Shopify's product category system handles these variations automatically when you assign the correct category. If you sell clothing and assign the "Clothing" category, Shopify will charge $0 tax on a shirt shipped to Pennsylvania and the full rate on a shirt shipped to Texas. Getting the category right matters, because over-collecting tax creates refund obligations and under-collecting means you owe the difference out of pocket.

Step 5: Configure Tax Display and Inclusion

For US-based stores selling to US customers, the standard approach is to display prices excluding tax and add tax at checkout. This is what American consumers expect, and Shopify's default behavior handles it correctly.

For stores selling to international customers, particularly in the EU, UK, Australia, and Canada, consumers expect prices to include tax (VAT or GST). Shopify lets you configure tax-inclusive pricing for specific regions. Go to Settings, then Taxes and duties, then select the relevant country or region, and enable "Include tax in prices." Shopify will show tax-inclusive prices to customers in those regions and back-calculate the tax component for your accounting.

If you sell both domestically (tax-exclusive) and internationally (tax-inclusive), Shopify Markets handles this automatically when you enable international selling. Customers in the US see prices without tax, and customers in the UK see prices with VAT included, from the same product catalog.

Step 6: Filing and Remitting Sales Tax

Shopify collects tax from your customers and holds it as part of your order revenue. It does not file or remit the tax to state governments for you. You are responsible for filing returns and sending payment on time, according to the filing frequency assigned by each state (monthly, quarterly, or annually).

Shopify Tax Reports: Go to Analytics, then Reports, then Taxes. Shopify provides a report showing total tax collected by state, county, and jurisdiction for any date range. Use this report to fill in your state tax returns. The report breaks down exactly how much tax you collected for each jurisdiction, which is what most state return forms require.

Automated filing with TaxJar: TaxJar ($19/month for the Starter plan) automates the filing process.
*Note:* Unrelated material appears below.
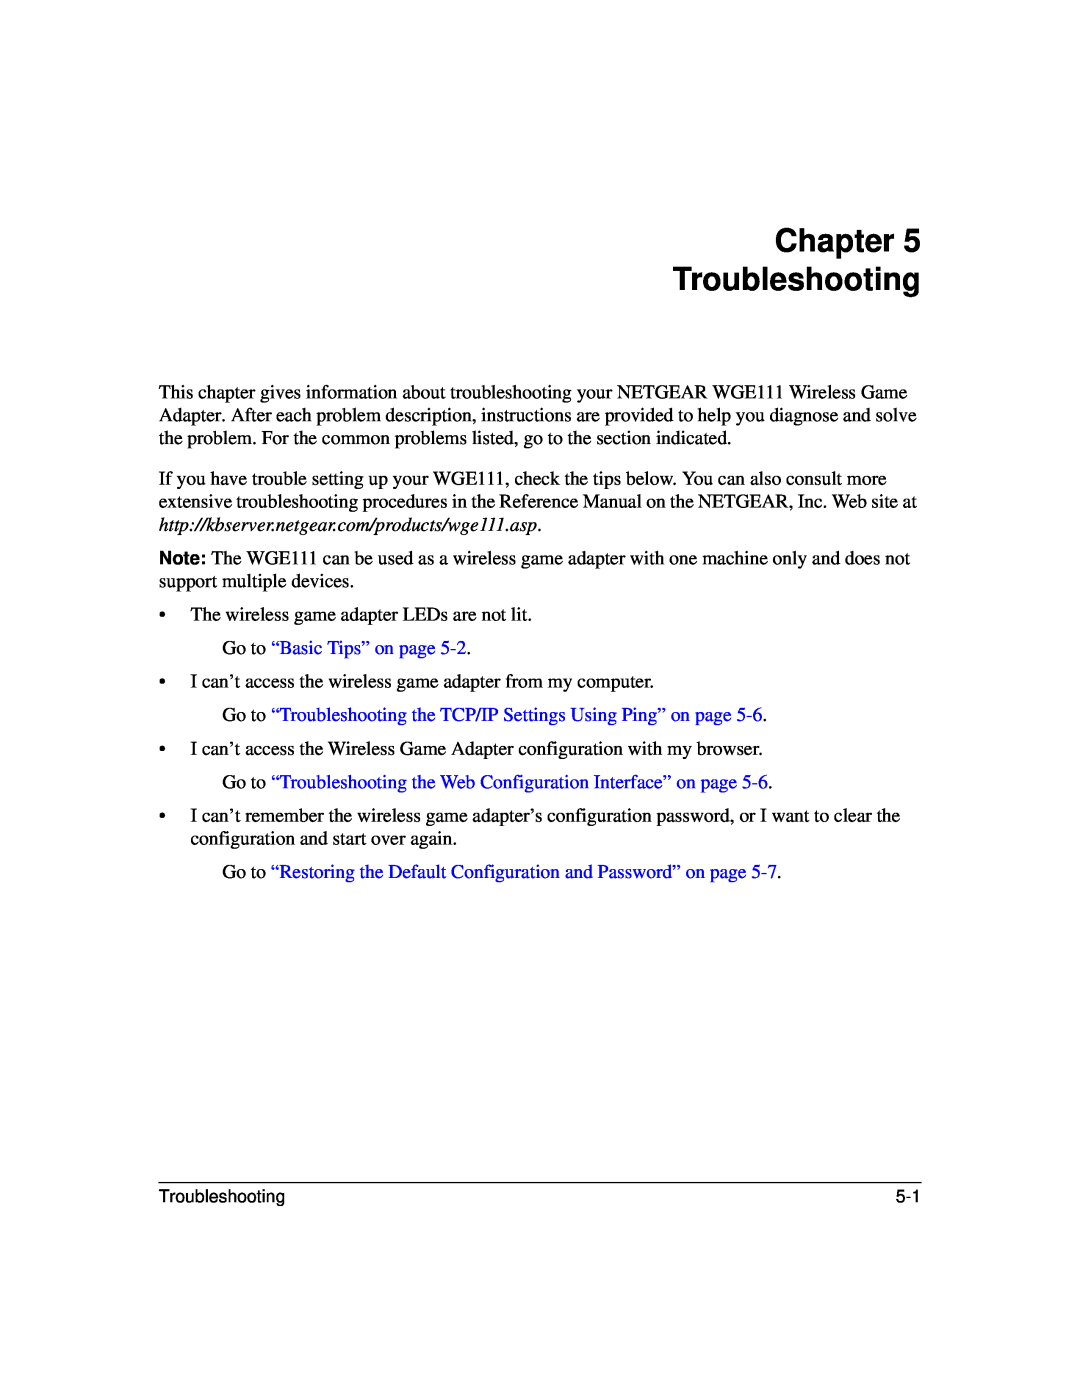 NETGEAR WGE111 user manual Chapter Troubleshooting, Go to “Troubleshooting the TCP/IP Settings Using Ping” on page

It pulls your sales data from Shopify, calculates your liability by state, prepares the return, and can auto-file in most states. For stores with nexus in more than 3 to 4 states, the time savings on manual filing easily justifies the cost. TaxJar's AutoFile feature costs $24.99 per state per year on top of the monthly subscription.

Filing deadlines: Late filings incur penalties and interest in every state. Monthly filers typically have returns due by the 20th of the following month. Quarterly filers typically have returns due by the end of the month following the quarter. States assign filing frequency based on your tax liability: higher liability means more frequent filing. If your assigned frequency changes (because your sales grew), the state will notify you.

Common Sales Tax Mistakes

Collecting tax in states where you are not registered: This creates a compliance nightmare. You have collected money on behalf of a state government but have no mechanism to remit it. Register before enabling collection.

Not collecting tax where you have nexus: If you have nexus and do not collect tax, you are personally liable for the uncollected tax. The state can audit your sales records and assess the full amount plus penalties and interest. The longer you go without collecting, the larger the liability grows.

Ignoring economic nexus triggers: Many store owners are unaware that crossing $100,000 in sales to a state creates a tax obligation. Monitor your sales by state monthly, and register promptly when you cross a threshold.

Not accounting for marketplace facilitator laws: If you sell on Amazon, eBay, Walmart, or Etsy, these marketplaces collect and remit sales tax on your behalf in most states. You do not need to collect tax separately on marketplace sales. However, sales through your Shopify store are your responsibility. Keep marketplace sales and direct sales separate in your tax tracking to avoid double-counting.